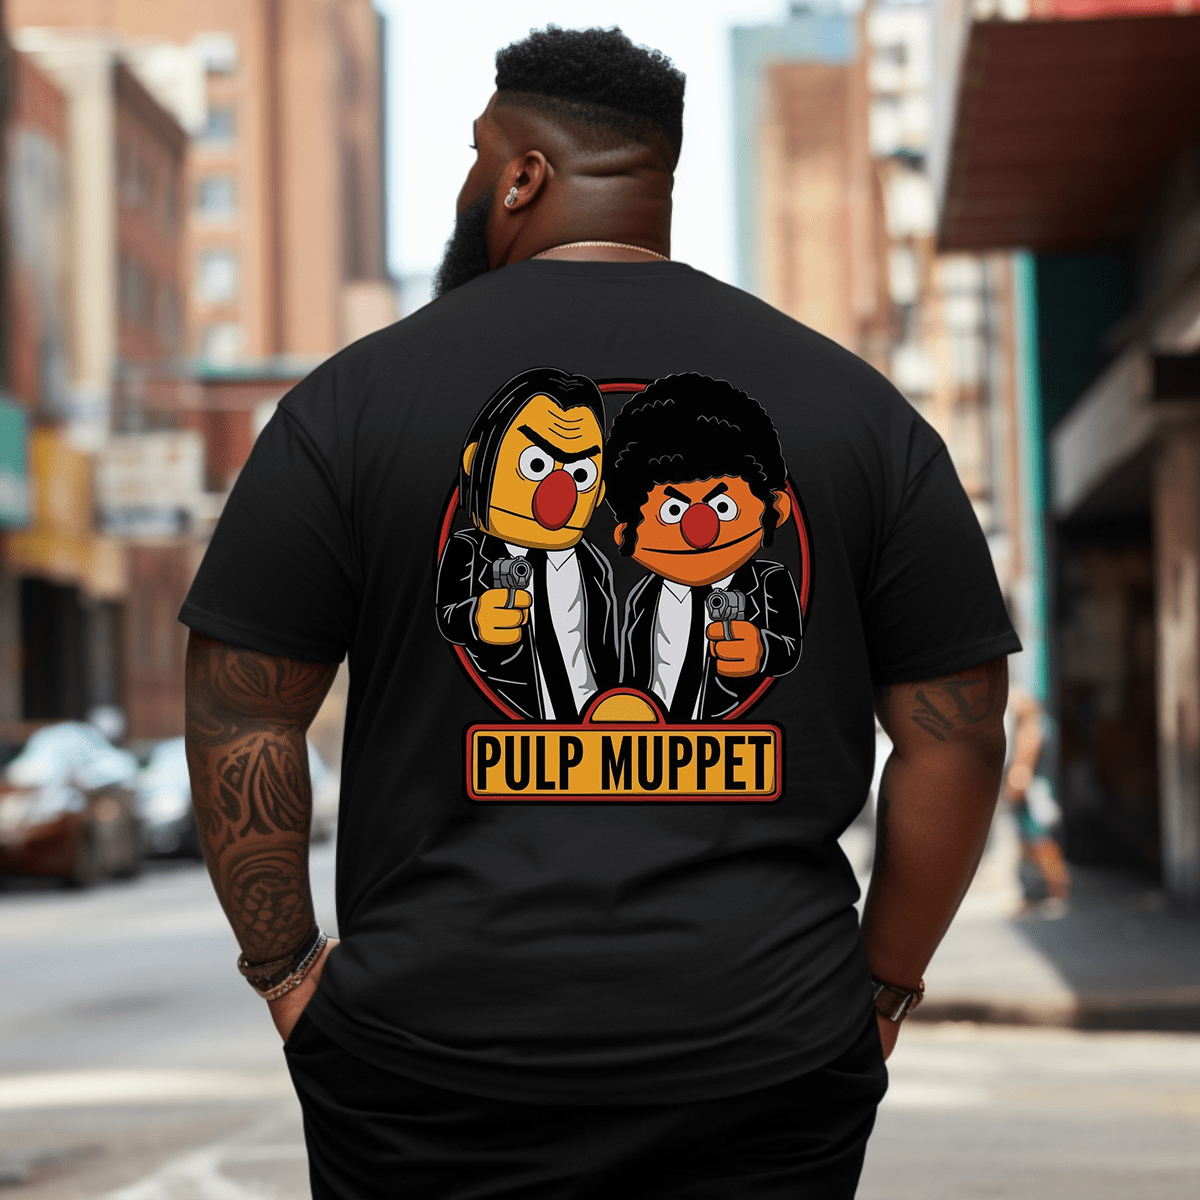 Pulp Muppet Plus Size Men T-Shirt
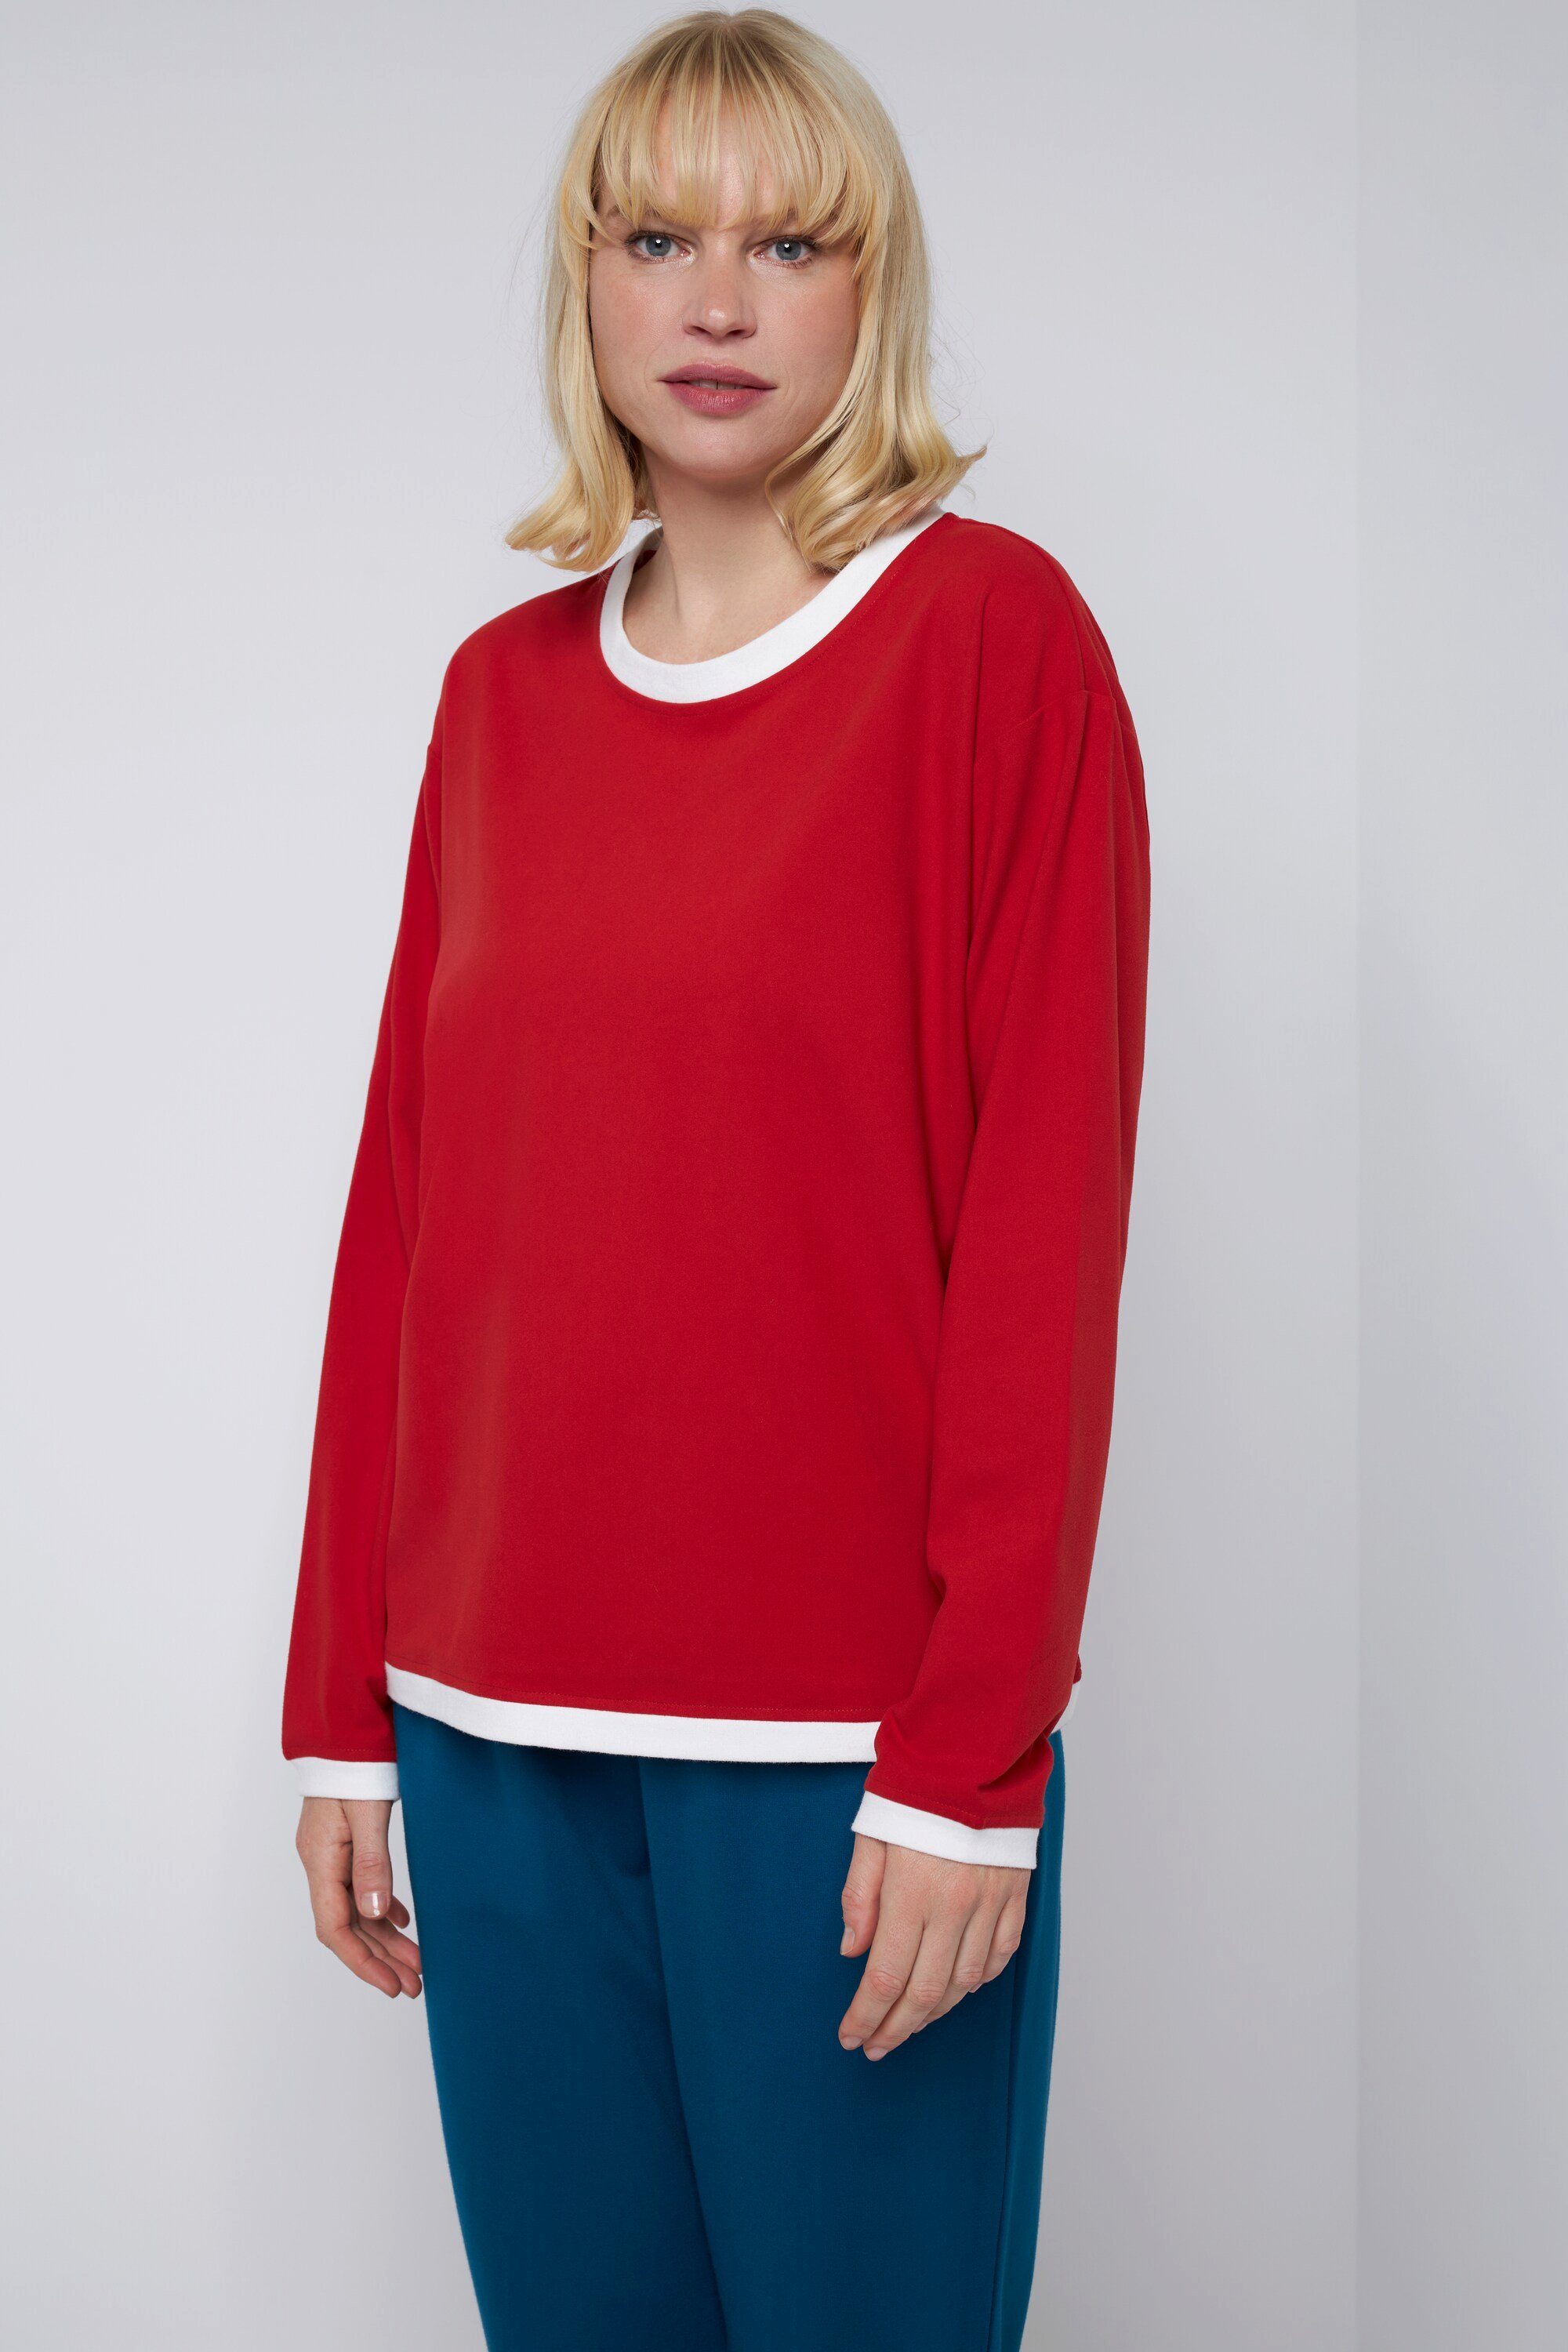 Farb-Kontraste Longshirt Rundhals T-Shirt karminrot Langarm Gina Laura
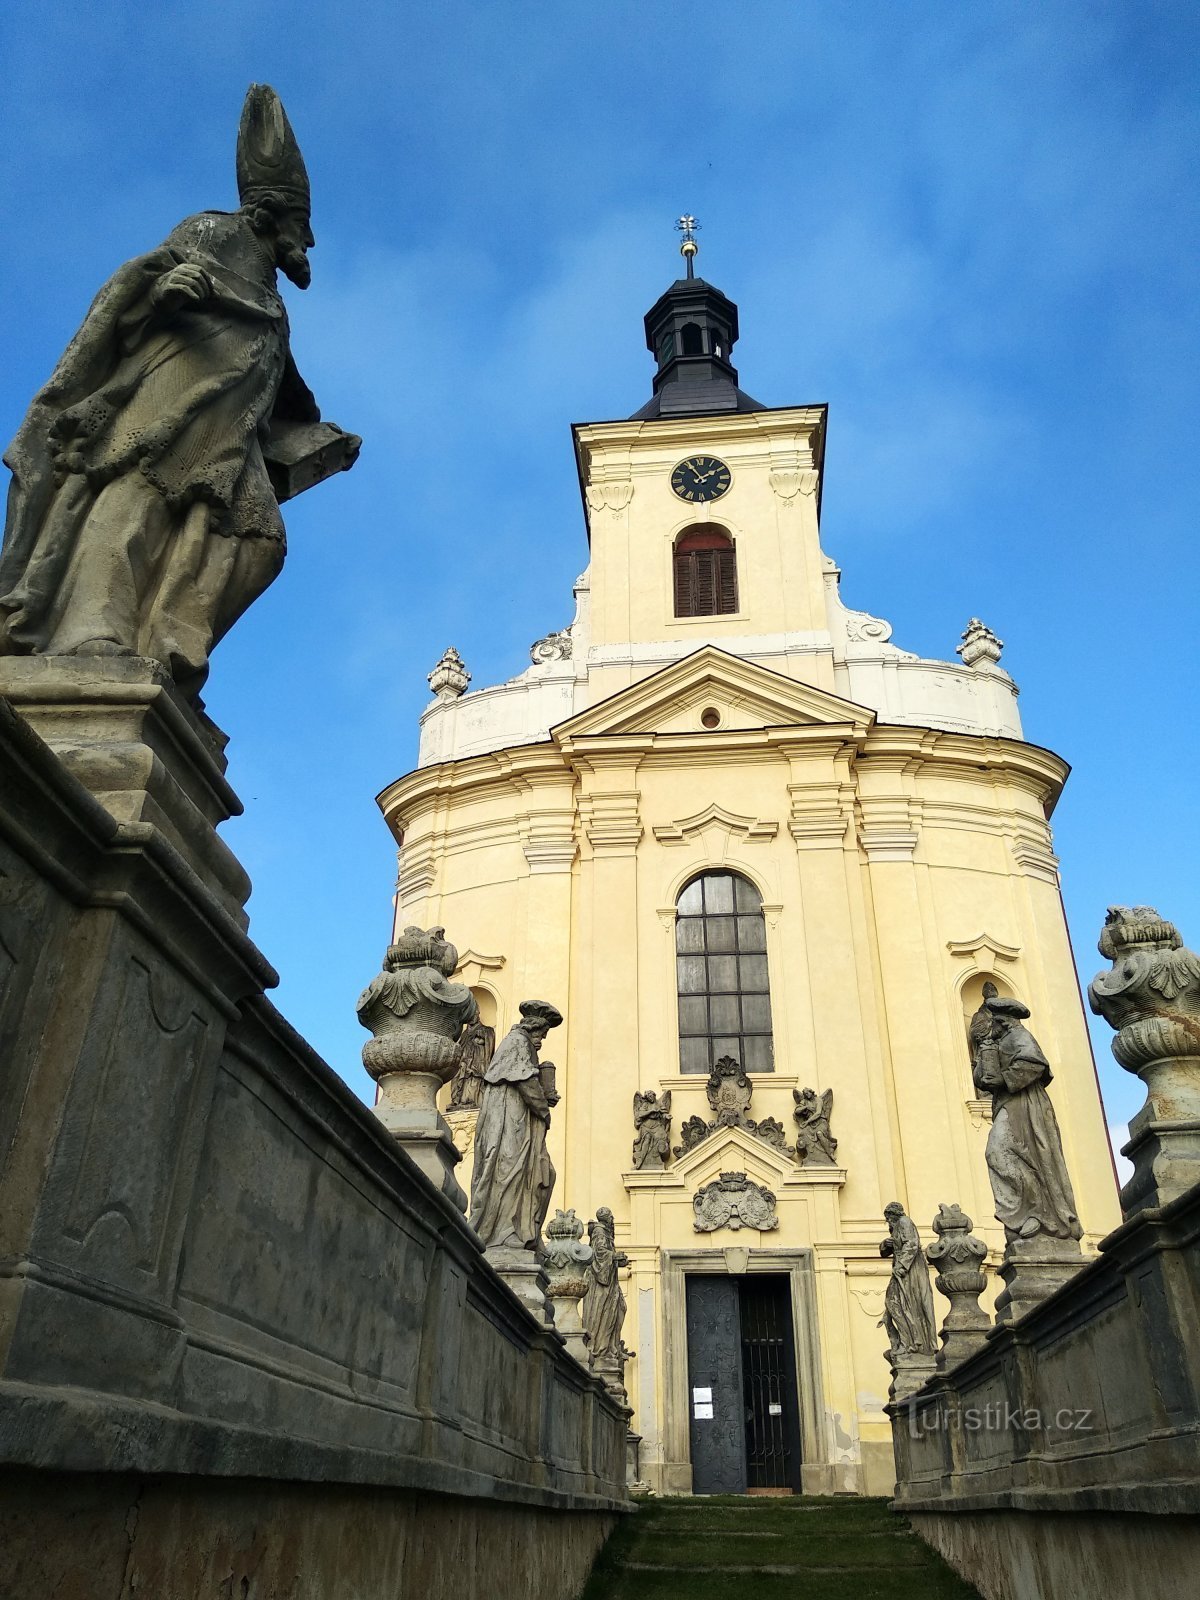 kościół św. Wacław - galeria świętych

^^^^

Reproduce the listing word for word. Do not carry over the pictures.

◆ Task answer ◆
 Pulp Muppet Plus Size Men T-Shirt
 Farb-Kontraste Longshirt Rundhals T-Shirt karminrot Langarm Gina Laura
 kościół św. Wacław - galeria świętych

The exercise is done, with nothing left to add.